First we need a set of descriptors and so we evaluate all available descriptors. Also note that since a descriptor might belong to more than one category, we should obtain a unique set of descriptor names
```{r}
descNames <- unique(unlist(sapply(get.desc.categories(), get.desc.names)))
descNames
```
For the current discussion we focus on a few, manually selected descriptors that we know will be related to boiling point.
```{r}
data(bpdata)
mols <- parse.smiles(bpdata[,1])
descNames <- c(
'org.openscience.cdk.qsar.descriptors.molecular.KierHallSmartsDescriptor',
'org.openscience.cdk.qsar.descriptors.molecular.APolDescriptor',
'org.openscience.cdk.qsar.descriptors.molecular.HBondDonorCountDescriptor')
descs <- eval.desc(mols, descNames)
class(descs)
```
```{r}
dim(descs)
```
When a descriptor value cannot be computed, it's value is set to NA. This may happen if a descriptor requires 3D coordinates, but only 2D coordinates are available. In this case, we have manually selected descriptors such that there will be no undefined values.
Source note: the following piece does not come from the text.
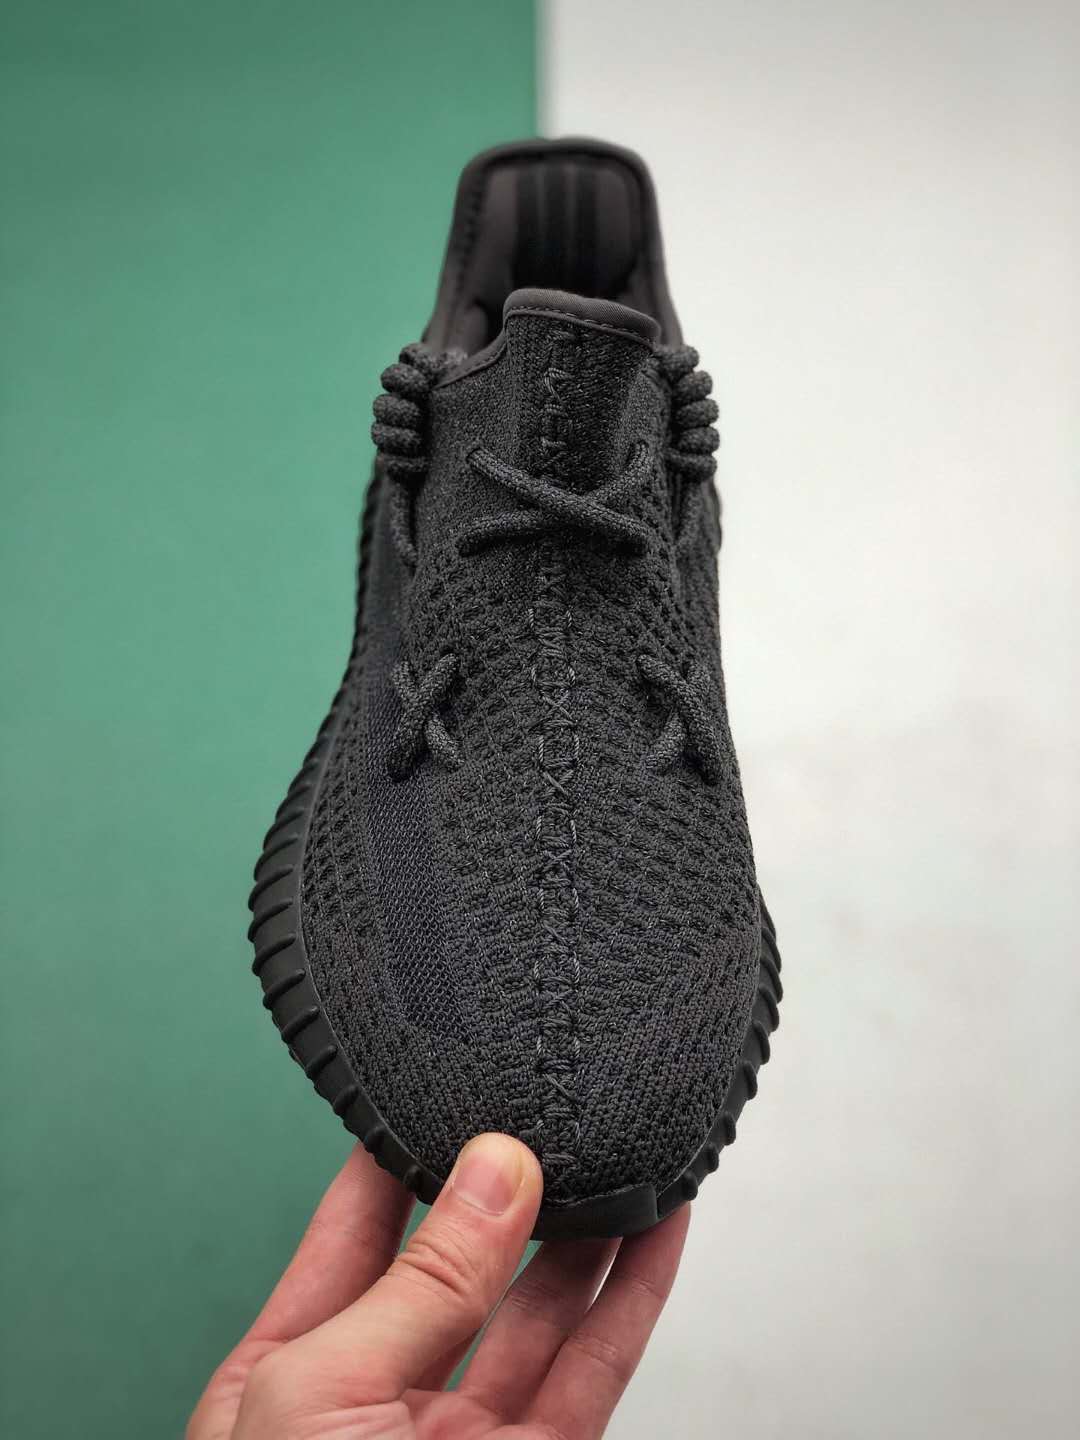 Adidas Yeezy Boost 350 V2 Black Non-Reflective FU9006 - Premium Sneakers for Ultimate Style and Comfort

Given the ubiquity of certain descriptors, some of them are directly available via their own functions. Specifically, one can calculate TPSA (topological polar surface area), AlogP and XlogP without having to go through eval.desc. (Note that AlogP and XlogP assume that hydrogens are explicitly specified in the molecule. This may not be true if the molecules were obtained from SMILES)
```{r}
mol <- parse.smiles('CC(=O)CC(=O)NCN')[[1]]
convert.implicit.to.explicit(mol)
get.tpsa(mol)
```
```{r}
get.xlogp(mol)
```
```{r}
get.alogp(mol)
```
Now that we have a
##descriptor matrix,
we easily build a linear regression model.
First, remove NA's,
correlated and constant columns.
The code is shown below, but since it involves a stochastic element, we will not run it for this example. If we were to perform feature selection, then this type of reduction would have to be performed.
```{r}
descs <- descs[, !apply(descs, 2, function(x) any(is.na(x)) )]
descs <- descs[, !apply( descs, 2, function(x) length(unique(x)) == 1 )]
r2 <- which(cor(descs)^2 > .6, arr.ind=TRUE)
r2 <- r2[ r2[,1] > r2[,2] , ]
descs <- descs[, -unique(r2[,2])]
```
Note that the above correlation reduction step is pretty crude and there are better ways to do it. Given the reduced descriptor matrix, we can perform feature selection (say using leaps, caret or a GA to identify a suitable subset of descriptors. Given that we selected the descriptors by hand, we can skip this section, and directly build the model and generate a plot of predicte versus observed BP. (Note that this is a toy example and is not an example of good QSAR practice!)
```{r}
model <- lm(BP ~ khs.sCH3 + khs.sF + apol + nHBDon, data.frame(bpdata, descs))
summary(model)
```
```{r}
plot(bpdata$BP, predict(model, descs),
xlab="Observed BP", ylab="Predicted BP",
pch=19, xlim=c(100, 700), ylim=c(100, 700))
abline(0,1, col='red')
```
##Fingerprints
Fingerprints are a common representation used for a variety of purposes such as similarity searching and predictive modeling. The CDK provides a variety of fingerprints ranging from path-based hashed fingerprints to circular (specifically, an implementation fo the ECFP fingerprints) and signature fingerprints (based on the signature molecular descriptor). Some of the fingerprints are represented as binary strings and other by integer vectors. The rcdk employs the fingerprint package to support operations on the resultant fingerprints.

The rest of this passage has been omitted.